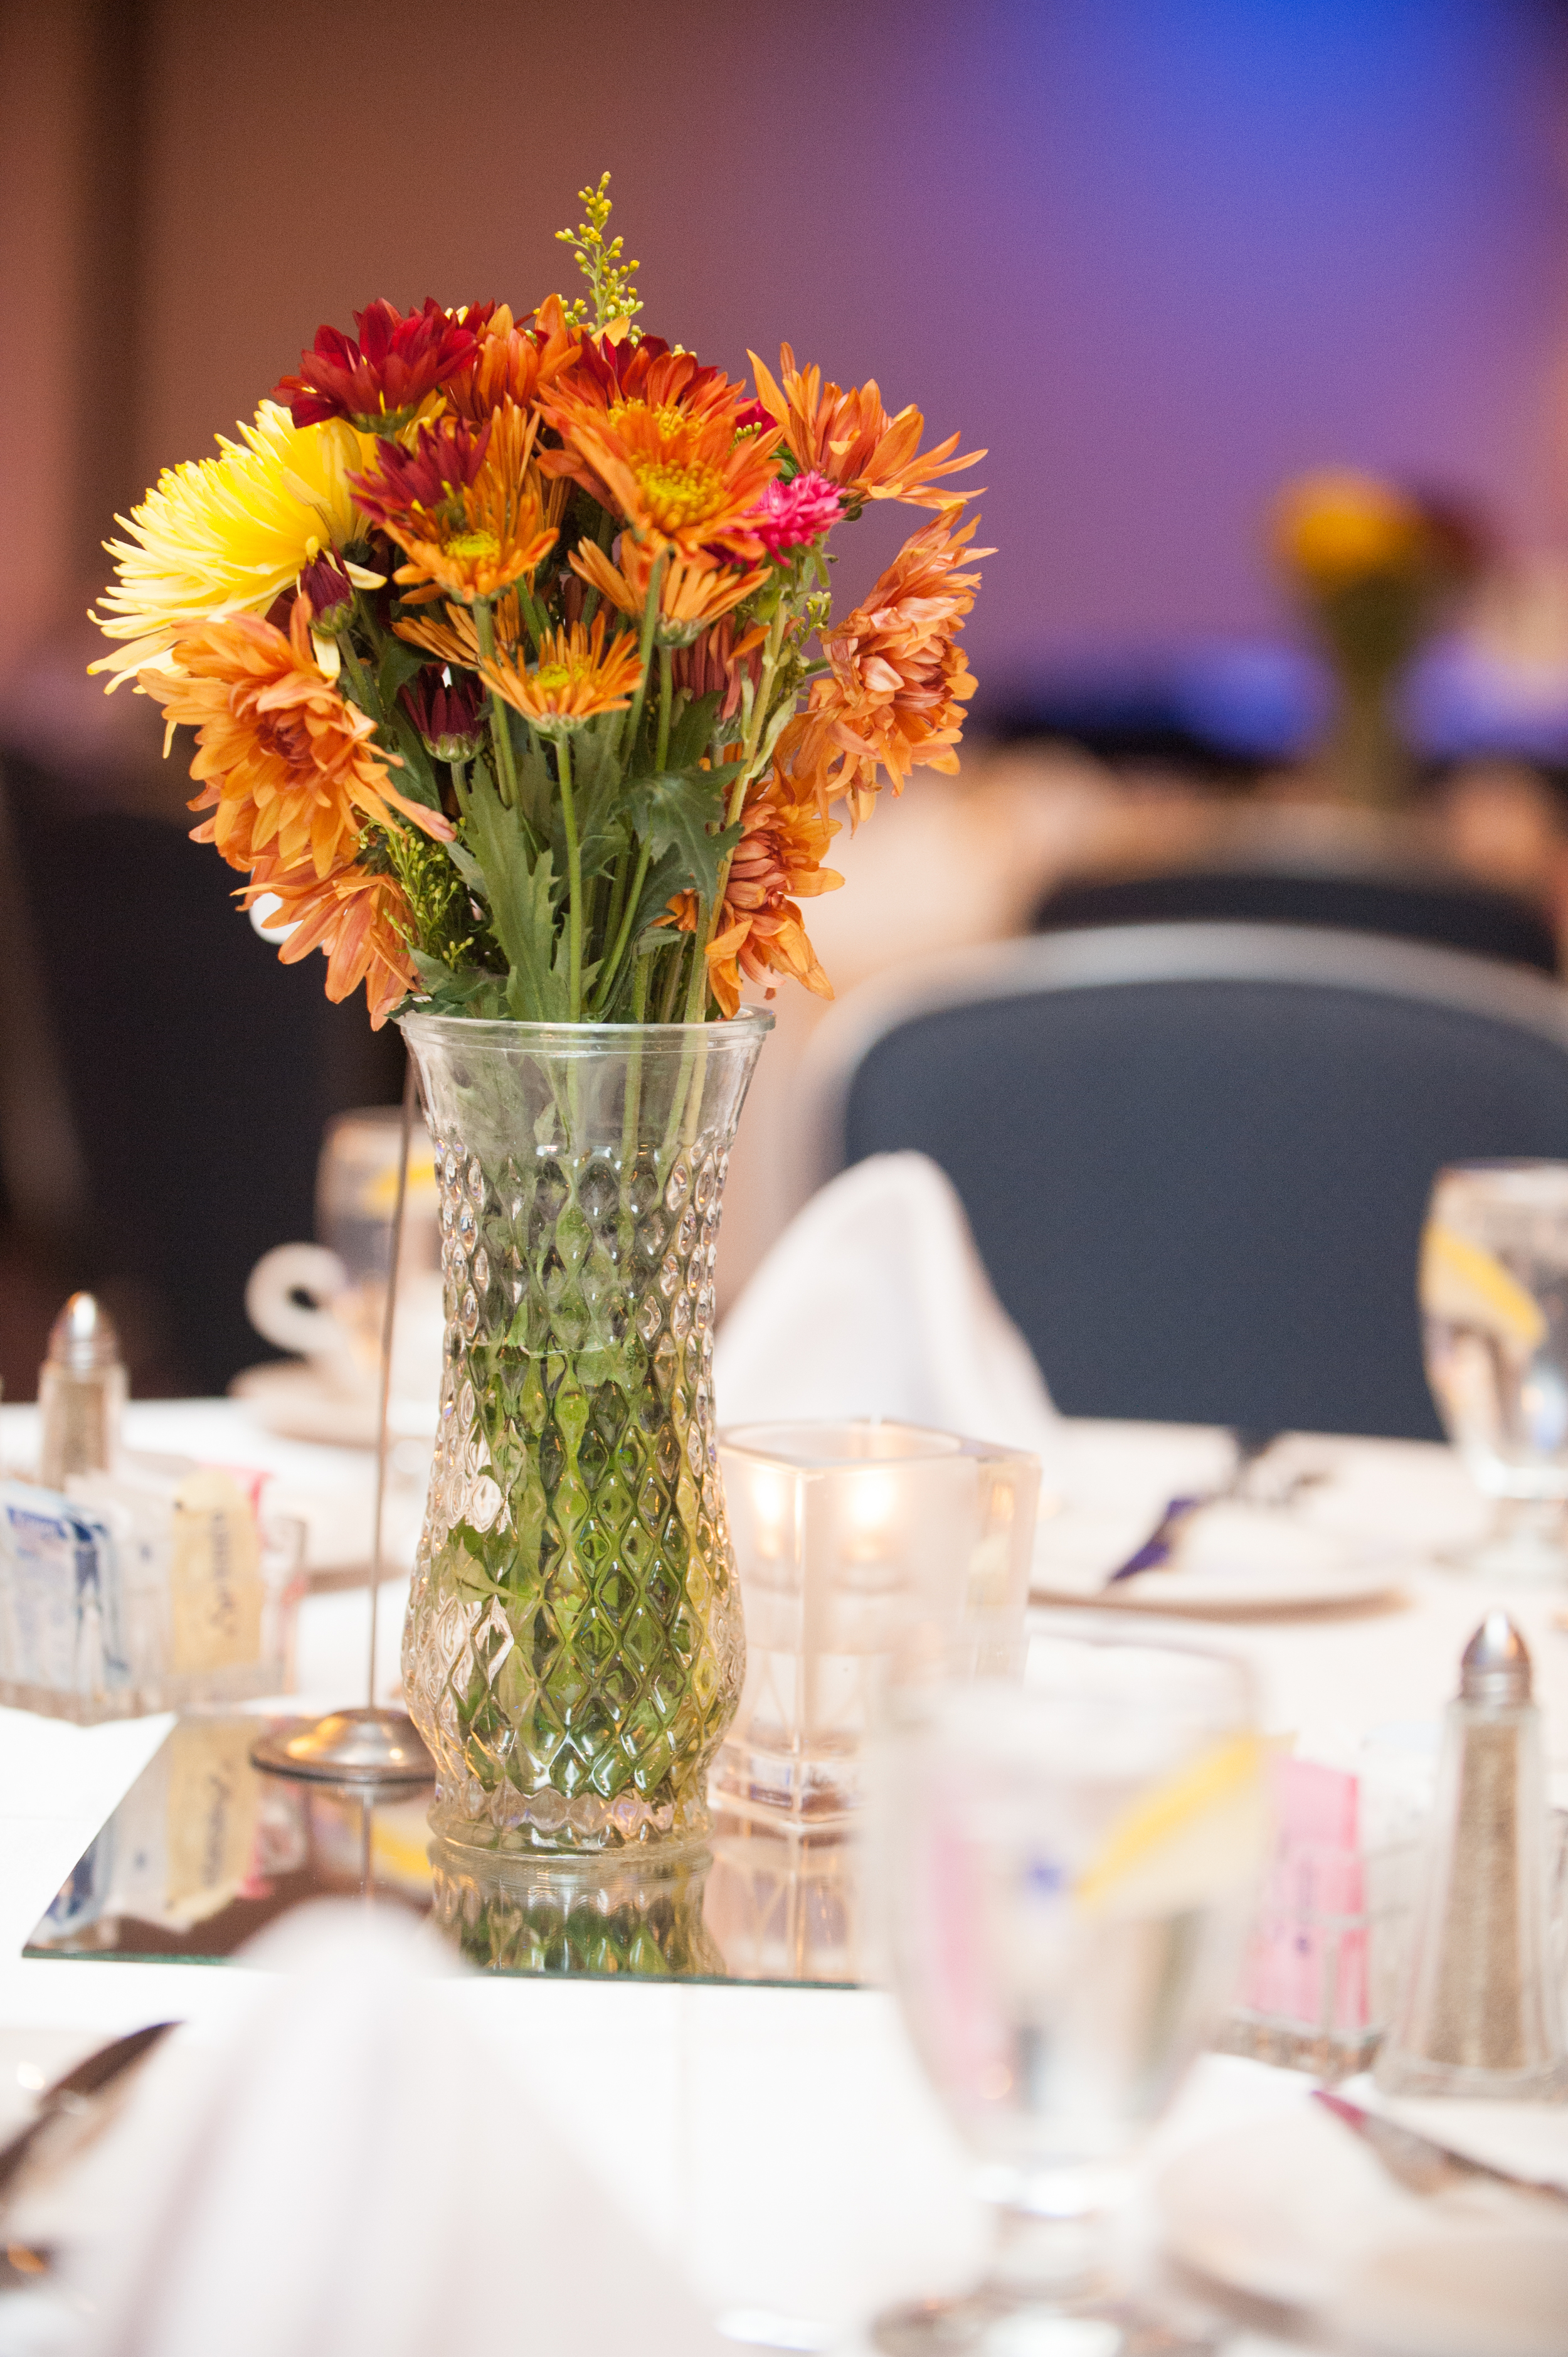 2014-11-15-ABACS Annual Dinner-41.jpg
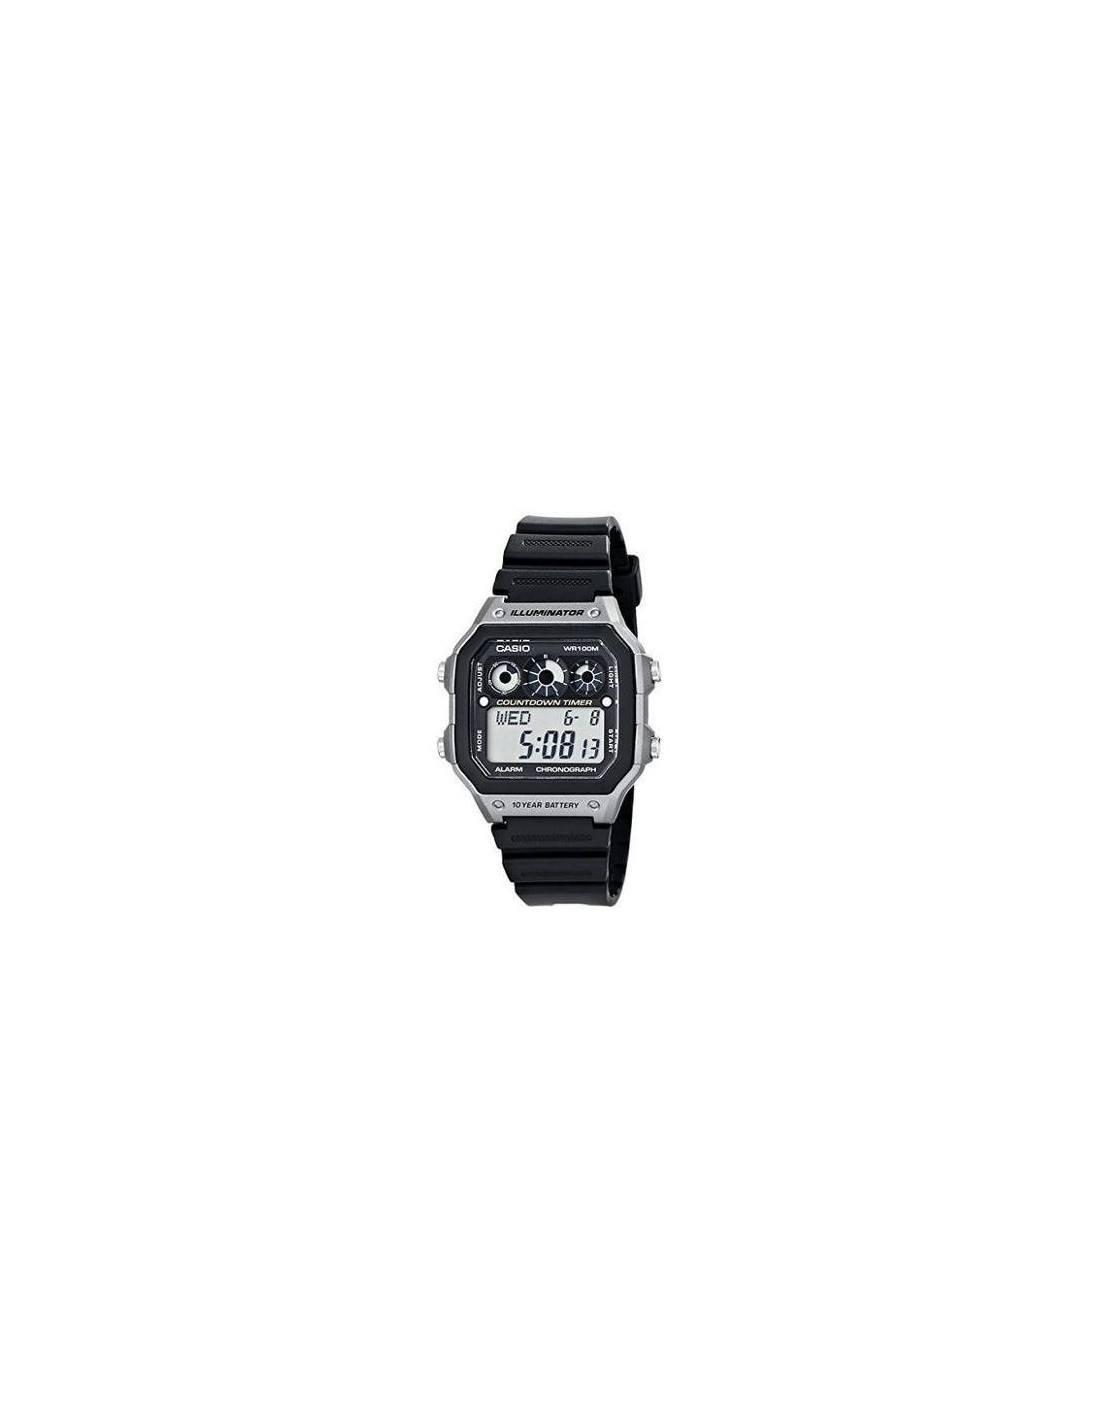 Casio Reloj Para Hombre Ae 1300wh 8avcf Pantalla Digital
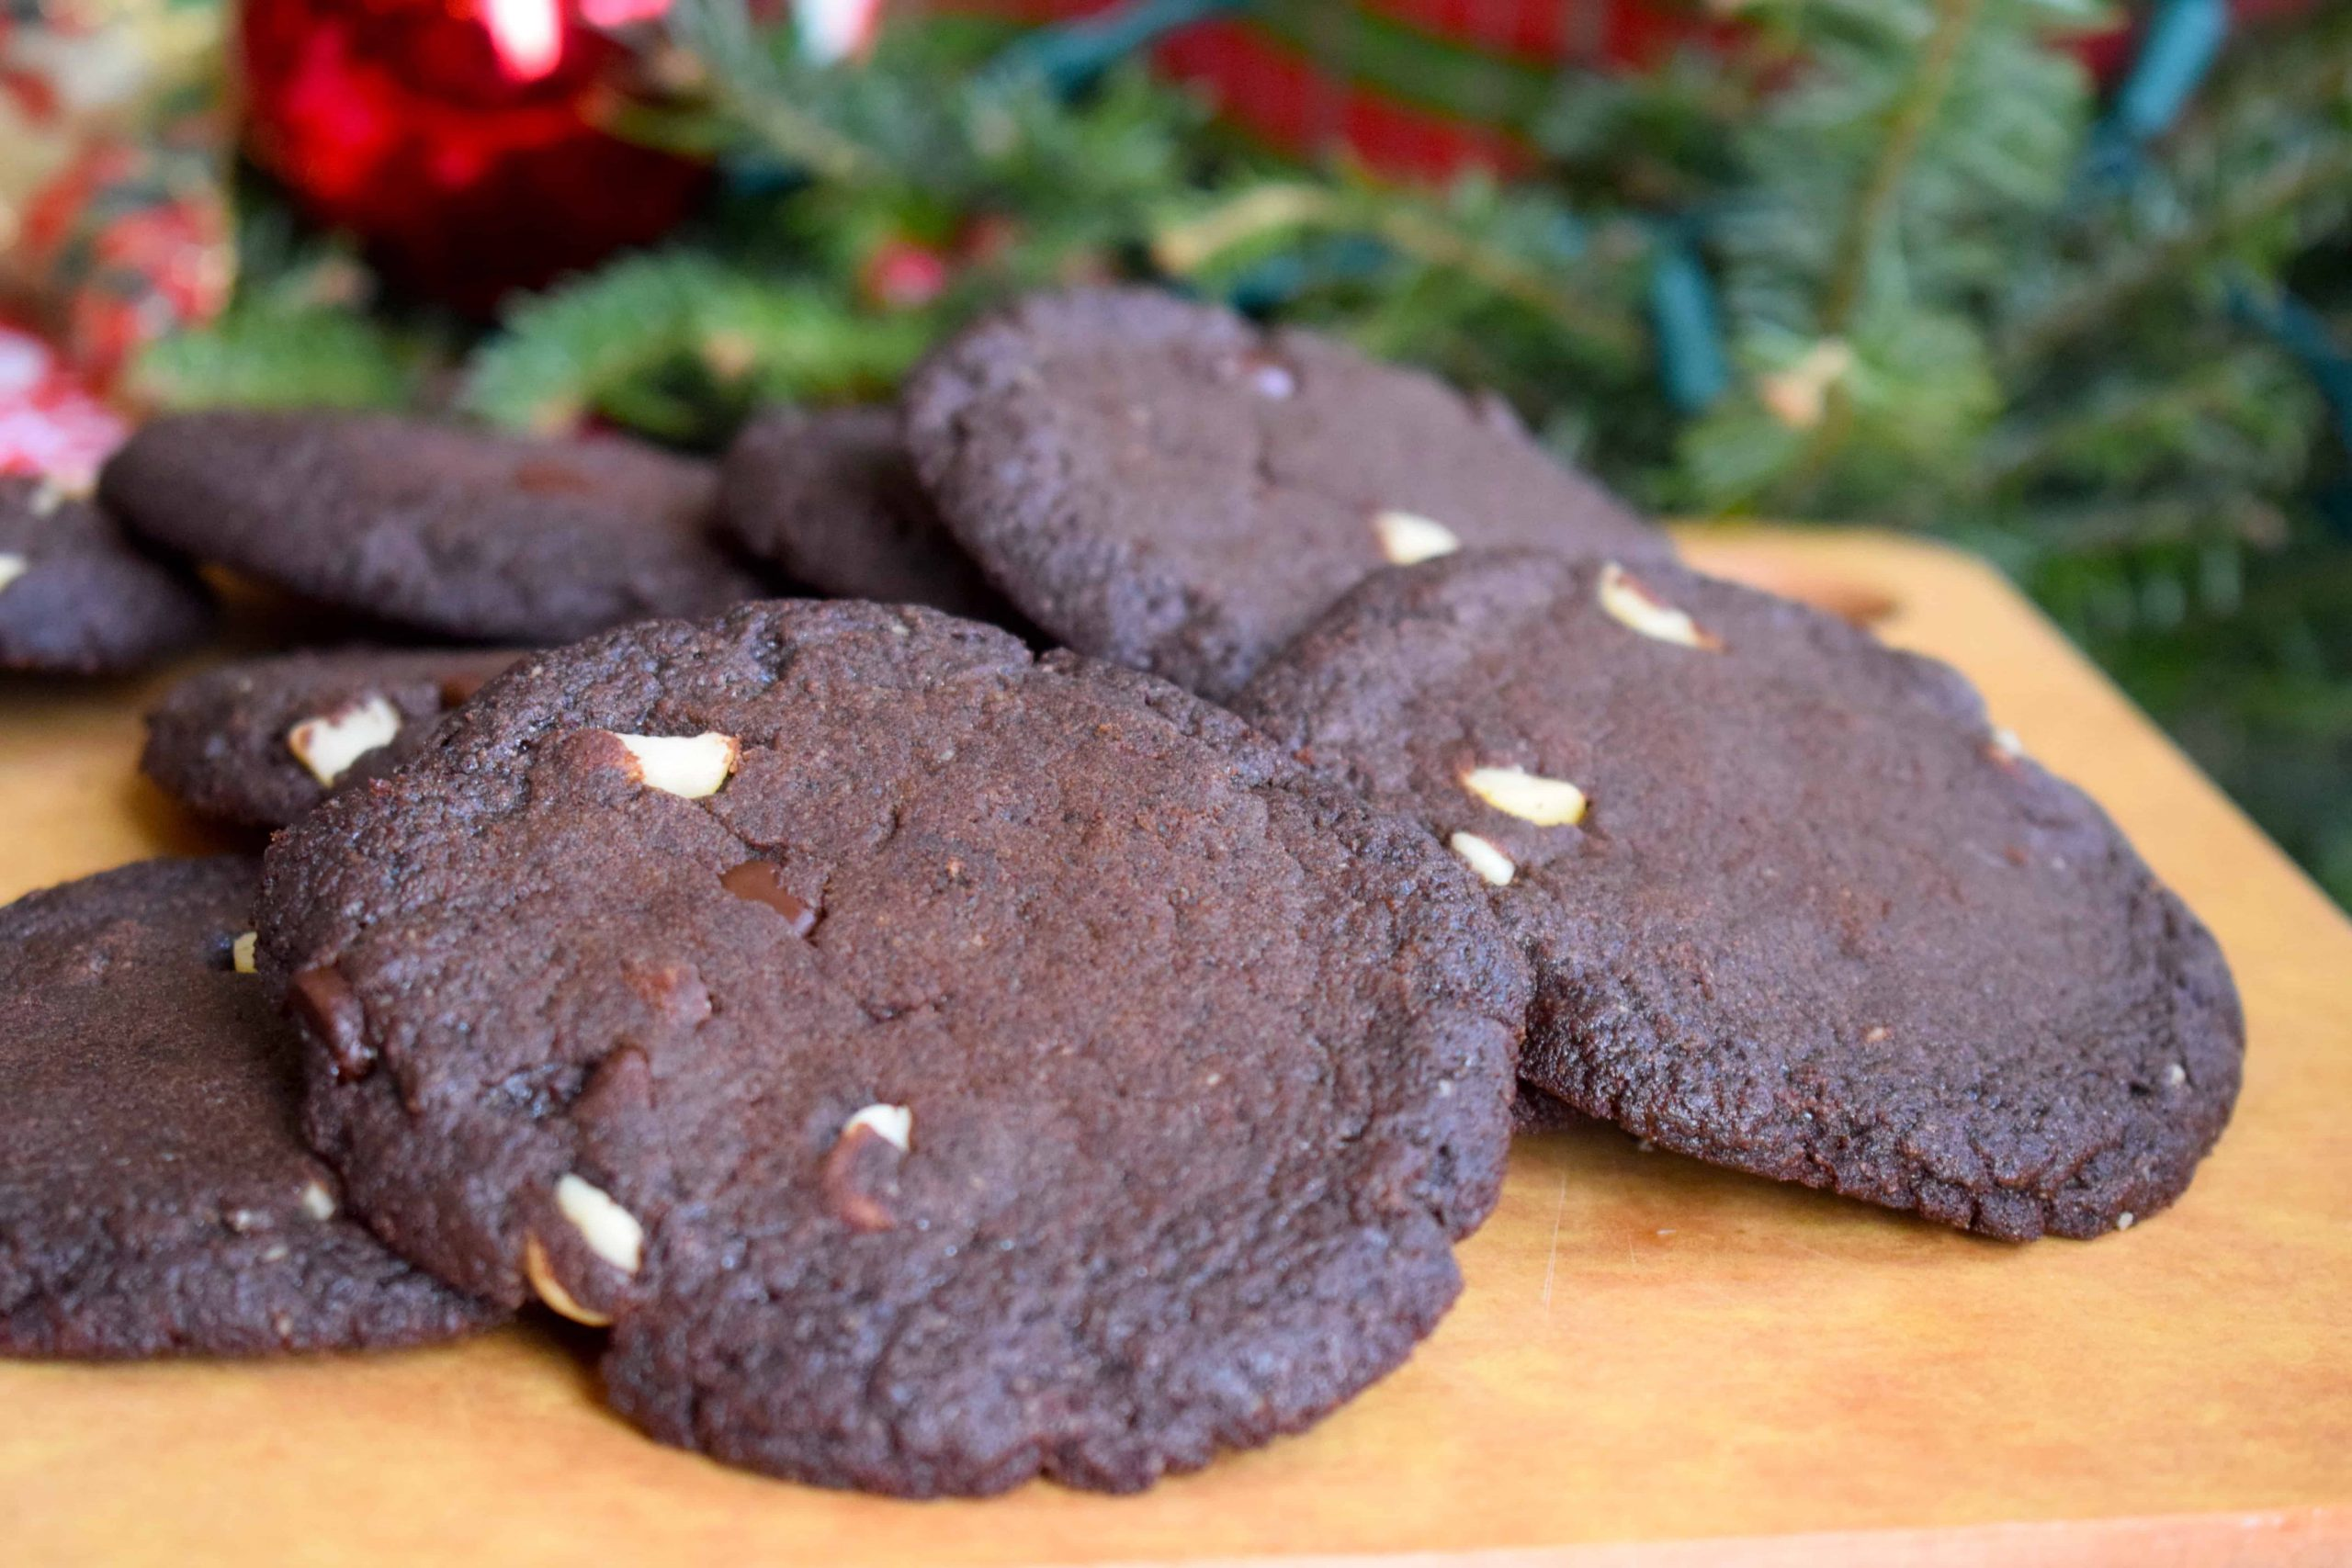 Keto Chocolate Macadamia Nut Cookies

* _BRIEF_:
Your answer must be the full listing, copied exactly, with no pictures in it.

* _WRITTEN RESPONSE_:
 2014-11-15-ABACS Annual Dinner-41.jpg
 Casio Reloj Para Hombre Ae 1300wh 8avcf Pantalla Digital
 Keto Chocolate Macadamia Nut Cookies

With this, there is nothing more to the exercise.